Mother and daughter agree that the pandemic has given families an opportunity to spend more time with each other and to plant and learn together outside in the garden or on a smaller scale indoors. “It’s a good feeling to grow and share what you have. To watch things growing, it’s addictive,” especially when family members get excited to check their plants daily, Kaneshiro says.

 

The family history with selling seeds began decades ago when Kaneshiro’s grandfather moved from Japan to Hawai‘i. He intended to travel to San Francisco but missed his ship to California and decided to stay in the Islands. Kaneshiro remembers doing chores as a child at an earlier Fukuda store in Chinatown, a block away from where Char Hung Sut now sells dim sum.
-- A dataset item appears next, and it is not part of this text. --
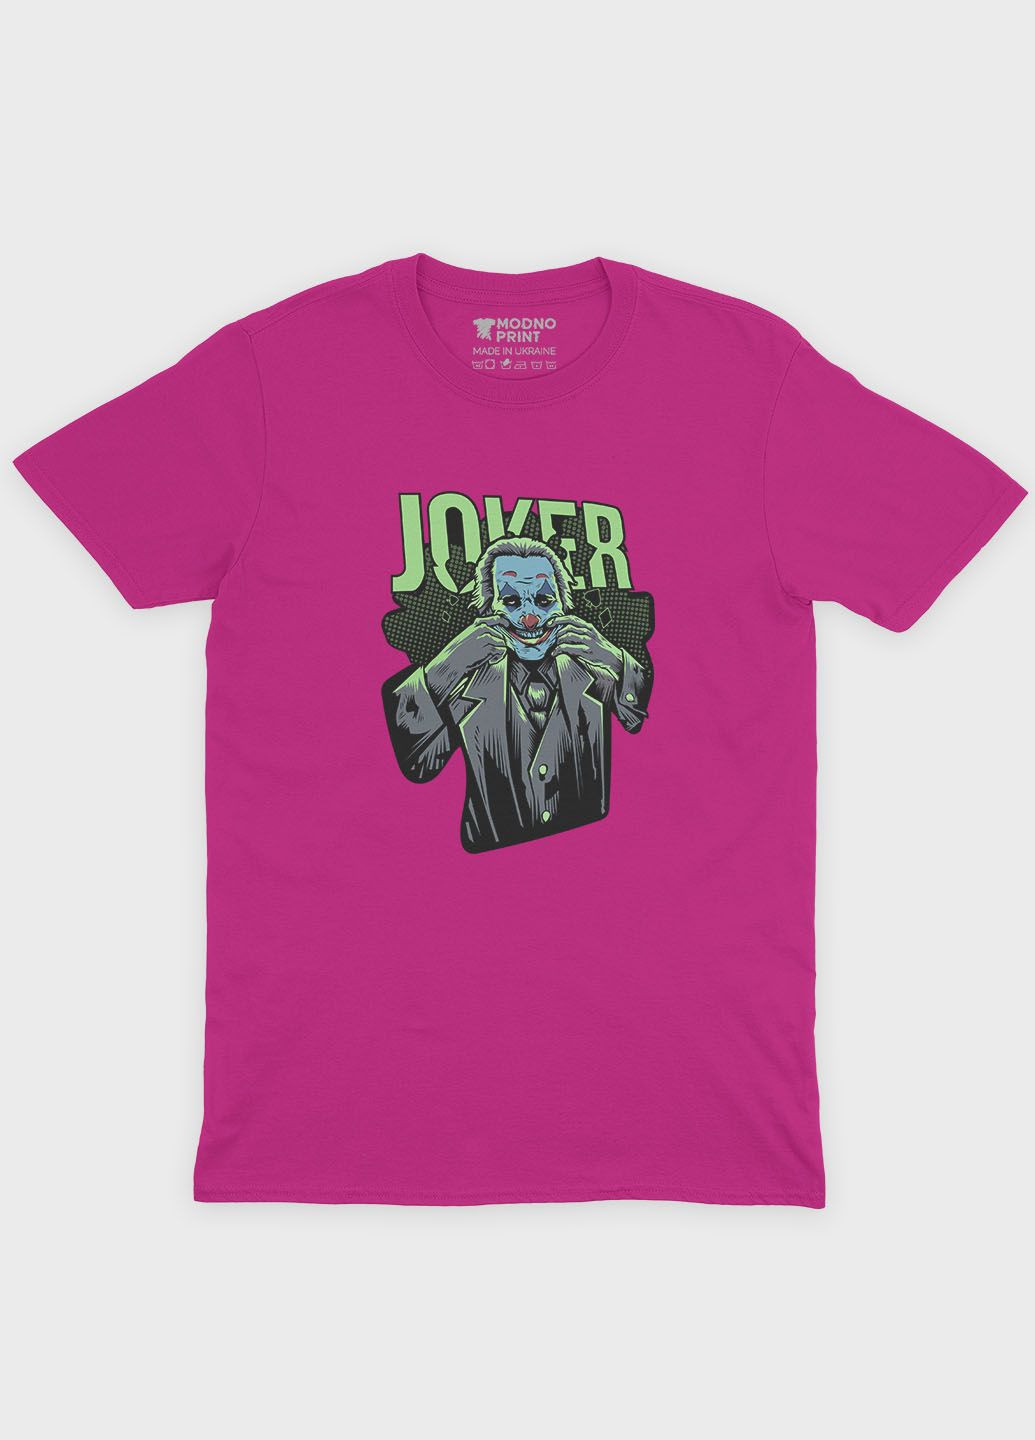 Рожева демісезонна футболка для хлопчика з принтом суперзлодія - джокер (ts001-1-fuxj-006-005-018-b) Modno

Her tasks included sweeping, dusting and counting “a gazillion nails” sold in the hardware section.

 

Over the years, the store moved several times, to Pauahi (the Fukudas lived upstairs when she was small), River and Ka‘a‘ahi streets until landing in its current spot in a strip of stores near the Kāpālama Canal on Kalani Street. Kaneshiro’s father ran the operation until 2000 when he was in his 80s. Kaneshiro at first split her time between working in real estate and at the store until her father advised her to focus on one or the other. She quotes him: “You have to make a choice; you can’t do two jobs at one time. If you want to, you have to be here every single day, every day, all day, and your whole mind, your 110% effort has to be here.” She chose the family business.

  FUKUDA SEED STORE

PHOTO: COURTESY OF FUKUDA SEED STORE

 

The store also carries tools—sickles, shears, hats, garden boots, tabis from Japan—and wellness products including turmeric, alkaline water and Dr. Higa’s EM-1 probiotic.

 

Kaneshiro explains the eclectic mix as products she has tried and wants to share. “Everything I have in the store was tested by me and I found amazing results from it. Whatever I have, I truly believe in.”

 

It’s clear from even a quick socially distant stop at the store why the family business sustains, even in challenging times. “I love it,” Kaneshiro says. “This is like my home here.”